SLEAP is an open source deep-learning based framework for multi-animal pose tracking. It can be used to track any type or number of animals and includes an advanced labeling/training GUI for active learning and proofreading. SLEAP data must be in exported analysis h5
files, to import into ethome
.
Sample notebooks are available (here) that you can use as a starting point for your own analyses, using either:
- NWB files
- SLEAP files
- DLC tracking and BORIS annotations
Refer to CONTRIBUTING.md
for guidelines on how to contribute to the project, and report bugs, etc.

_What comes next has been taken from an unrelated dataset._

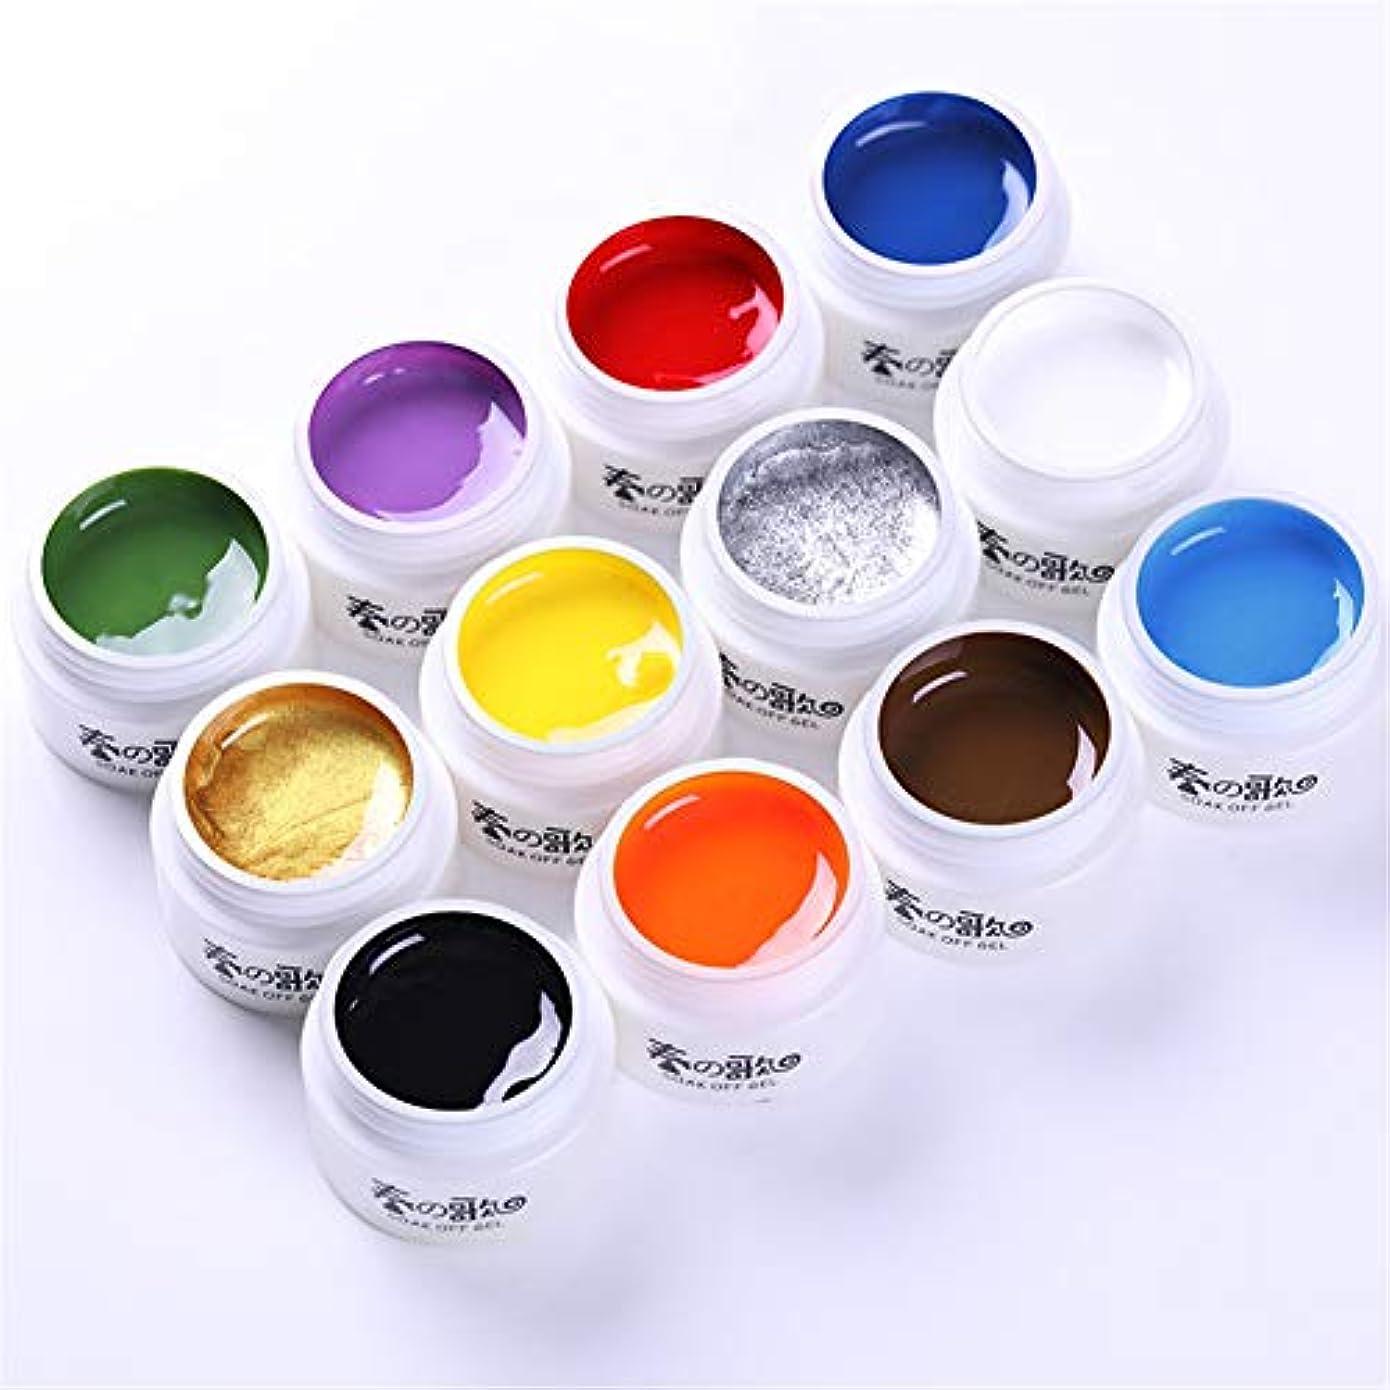 汚染された本当にモーター春の歌 アート専用のカラージェル ライナージェル ものすごく色が濃いカラージェル ラインを引くためのジェル、アクリル絵の具よりも柔らかく使いやすいジェル LED/UV両方対応 [並行輸入品]

You can setup your dev environment using the conda yaml
file provided. Compiling the docs requires the following packages are also installed:
pip install mkdocs-material mkdocs-awesome-pages-plugin twine build
Sample data was obtained from resident-intruder open field recordings performed as part of on going social memory studies performed in the Zakharenko lab at St Jude Children's Research Hospital (e.g. [1,2]). All animal experiments were reviewed and approved by the Institutional Animal Care & Use Committee of St. Jude Children’s Research Hospital.
[1] "SCHIZOPHRENIA-RELATED MICRODELETION GENE 2510002D24Rik IS ESSENTIAL FOR SOCIAL MEMORY" US Patent US20220288235A1. Stanislav S. Zakharenko, Prakash DEVARAJU https://patents.google.com/patent/US20220288235A1/en [2] "A murine model of hnRNPH2-related neurodevelopmental disorder reveals a mechanism for genetic compensation by Hnrnph1". Korff et al. Journal of clinical investigation 133(14). 2023.